Duplicating sections of a PostgreSQL database using Powershell

The Problem

  • The customer has large postgreSQL database; it is too large to transfer over VPN.
  • I need to develop against a local copy of the database, where I can make schema modifications at will.

My Solution

  • Pull the schema
  • Pull the sequence information separately (it did not come over with the schema)
  • Pull full dumps for small tables (in order)
  • Pull subsets for large tables (in order)
  • Load everything locally
  • Do this in a script

Here is the code for the solution, with some commentary as to why certain things are the way that they are:

GetData.ps1

$PGDUMP = get-command pg_dump.exe 
$PSQL = get-command psql.exe

get-command verifies that it can find the executable in your current path, or dies if it cannot.
I try to do this for every executable I invoke in a powershell script.
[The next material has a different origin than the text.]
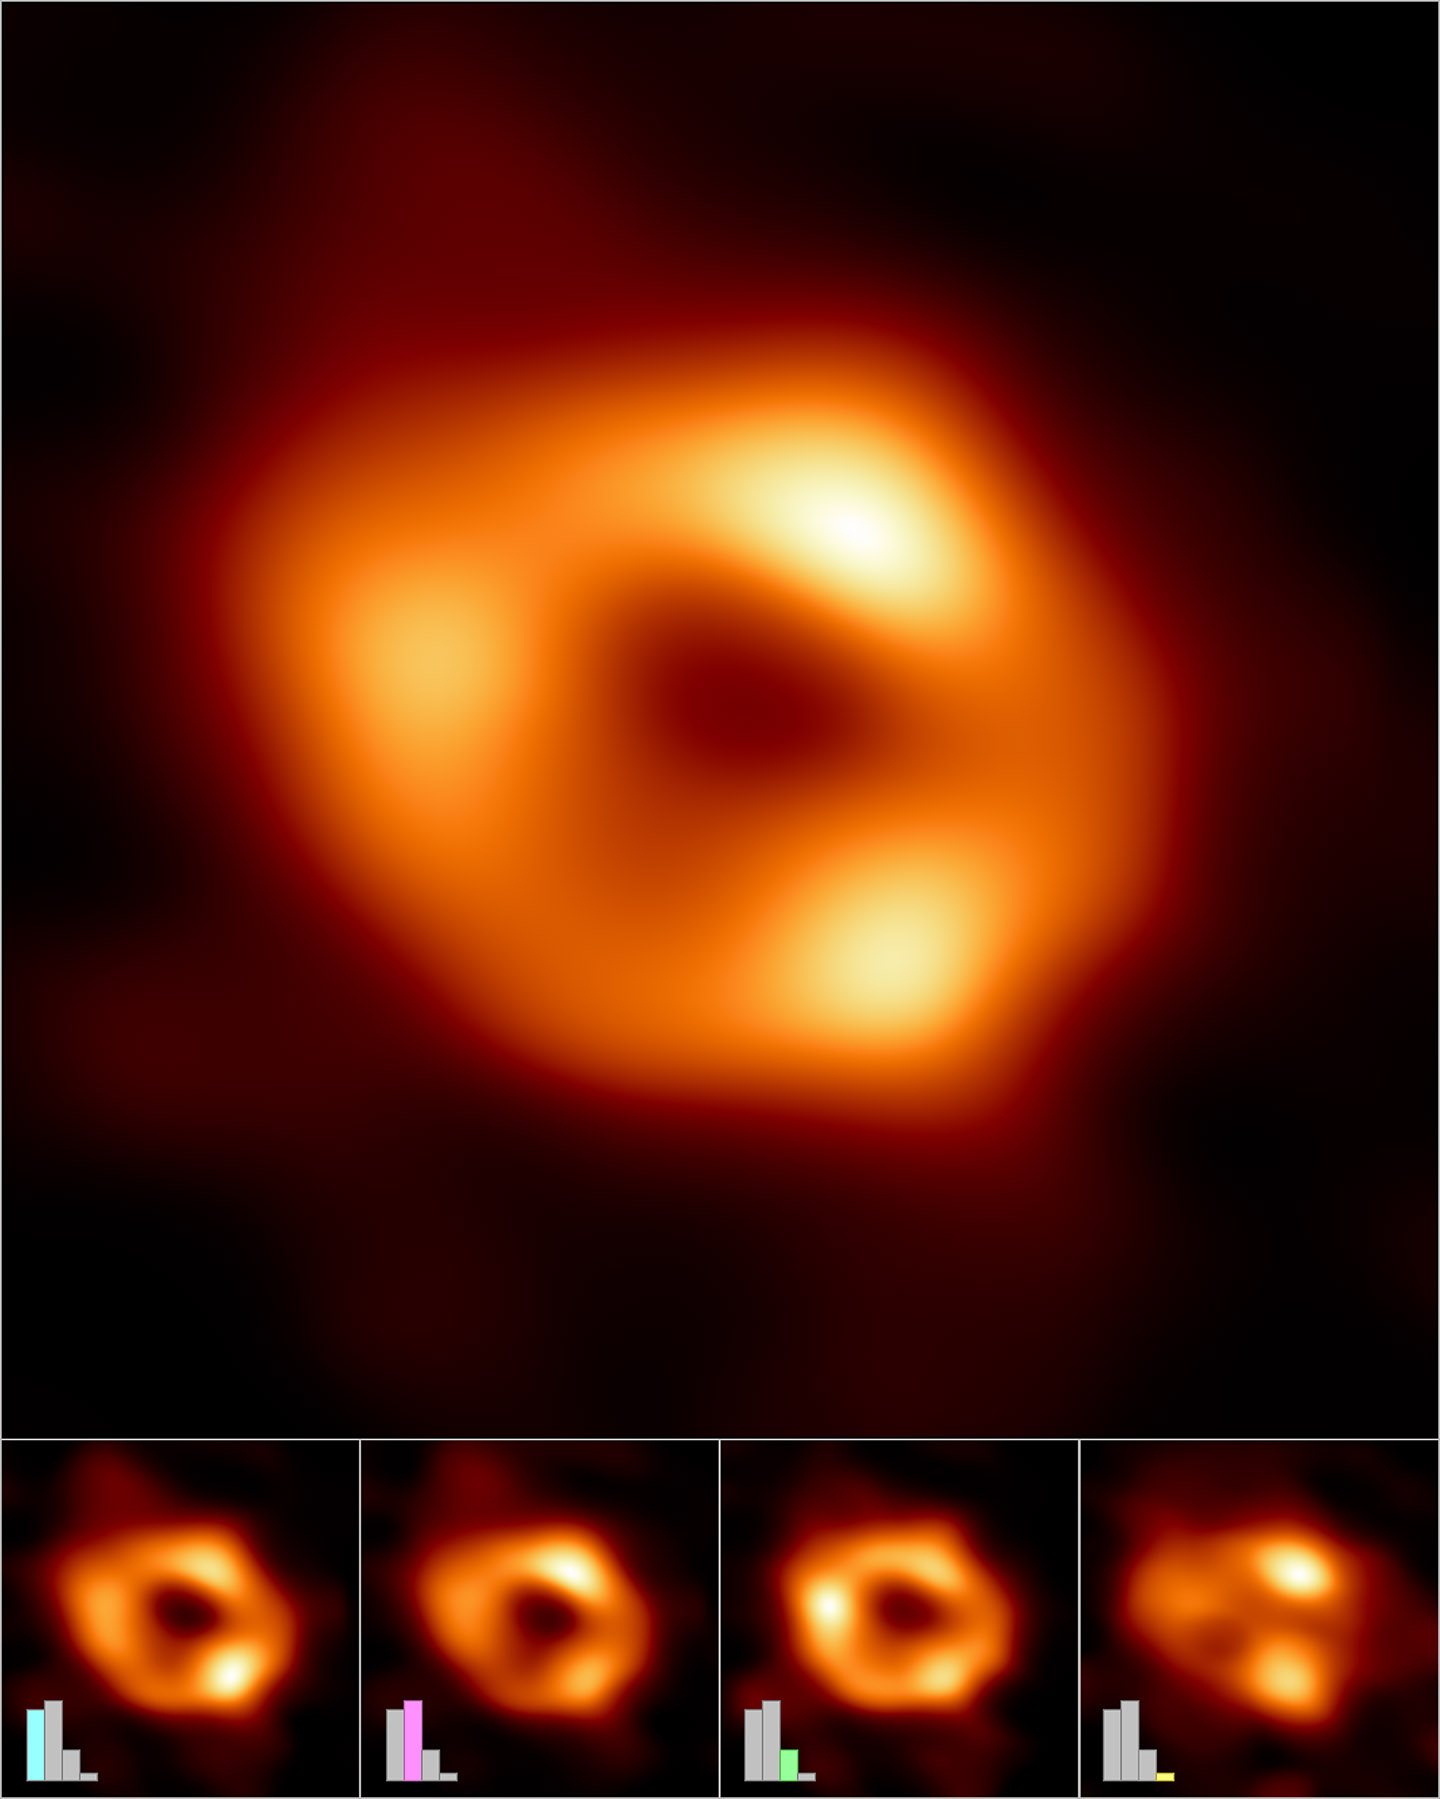 Making of the image of the black hole at the center of the Milky WayThe Event Horizon Telescope (EHT) Collaboration has created a single image (top frame) of the supermassive black hole at the center of our galaxy, called Sagittarius A* (or Sgr A* for short), by combining images extracted from the EHT observations.The main image was produced by averaging together thousands of images created using different computational methods — all of which accurately fit the EHT data. This averaged image retains features more commonly seen in the varied images, and suppresses features that appear infrequently.The images can also be clustered into four groups based on similar features. An averaged, representative image for each of the four clusters is shown in the bottom row. Three of the clusters show a ring structure but, with differently distributed brightness around the ring. The fourth cluster contains images that also fit the data but do not appear ring-like.The bar graphs show the relative number of images belonging to each cluster. Thousands of images fell into each of the first three clusters, while the fourth and smallest cluster contains only hundreds of images. The heights of the bars indicate the relative "weights," or contributions, of each cluster to the averaged image at top.
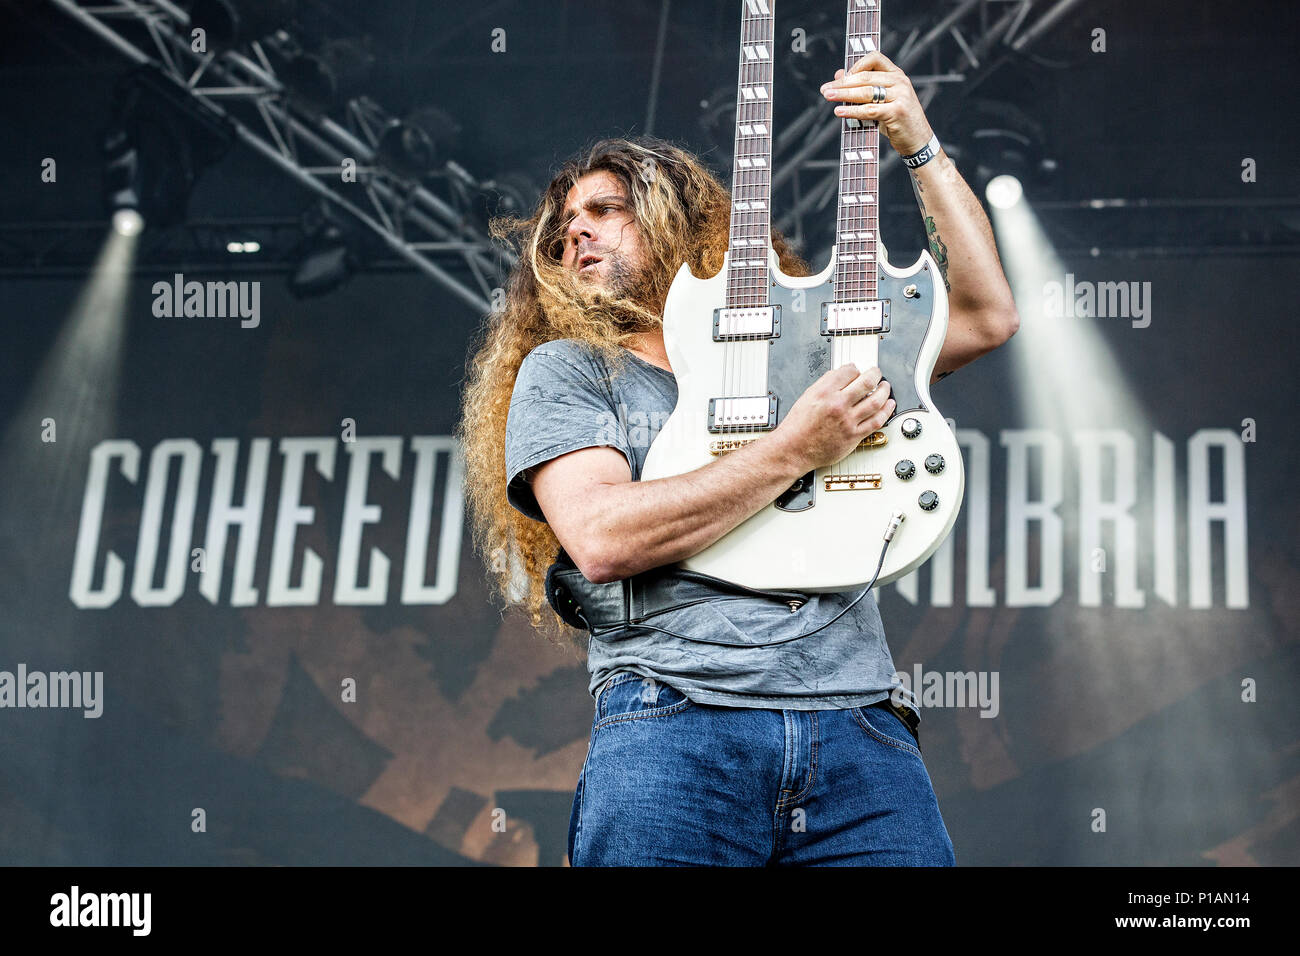 Sweden, Solvesborg - June 08, 2017. Coheed and Cambria, the American progressive rock band, performs a live concert during the Swedish music festival Sweden Rock Festival 2017 in Blekinge. Here guitarist Claudio Sanchez is seen live on stage. (Photo credit: Gonzales Photo - Terje Dokken). Stock Photo

$Env:PGCLIENTENCODING="SQL_ASCII"
$H="111.22.33.44"
$U="sgulati"
$P="5432"
$DB="deathstardb"

PGCLIENTENCODING was necessary because some of the rows in their database had UTF-8-like characters that confused the loader. I arrived at it by trial and error.

. .\tableconfig.ps1

Because I use the same configuration for getting data as for loading data, I pushed that into its own file.

tableconfig.ps1

$FULLTABLES = @( 
   "ds_employees.employees", 
   "ds_contacts.contact_types",
   "ds_contacts.companies",
   "ds_contacts.systems", 
   "ds_inbound.clients",
   "ds_inbound.feeds",
   "ds_inbound.pendingfiles"
); 
$PARTIALTABLES = @( 
   @(   "ds_inbound.processedfiles", 
        "select * from inbound.processedfiles where clientid='555' "
   ), 
   @(   "ds_inbound.missingfiles",
        "select * from inbound.missingfiles where clientid='555' "
    )
);

$FULLTABLES are tables I’m going to grab all data for.
$PARTIALTABLES are tables which I cannot grab all data for (they are too large), so I’m just going to grab the subset that I need

# PG_DUMP
# http://www.postgresql.org/docs/8.1/static/app-pgdump.html
# -s = schema only
# -a = data only
# -F = format.. p = plain, -c = custom
# -O = --no-owner
# -f = output file
# -c create
# -d --inserts
# -X --disable-triggers
# -E = encoding = SQL_ASCII

When there are confusing command line options called from a script, I put a comment in a script explaining
what many of the command line options are, along with a link to online documentation.
This helps with future maintenance of the script.

$exportfile = "${DB}.schema.sql"
if (! (test-path $exportfile)) { 
   "Schema: $exportfile"
   & $PGDUMP -h $H -p $P -U $U --create -F p -O -s -f $exportfile ${DB}
} else { 
   "skip schema: $exportfile"
}

I use a convention that if something has been pulled, do not pull it again.
This enables me to selectively refresh pieces by deleting the local cache of those files.

Note that The PGDUMP command creates a schema file, but does NOT pull current sequence values.

$exportfile = "${DB}.sequence.sql"
if (! (test-path $exportfile)) { 
    $sql = @"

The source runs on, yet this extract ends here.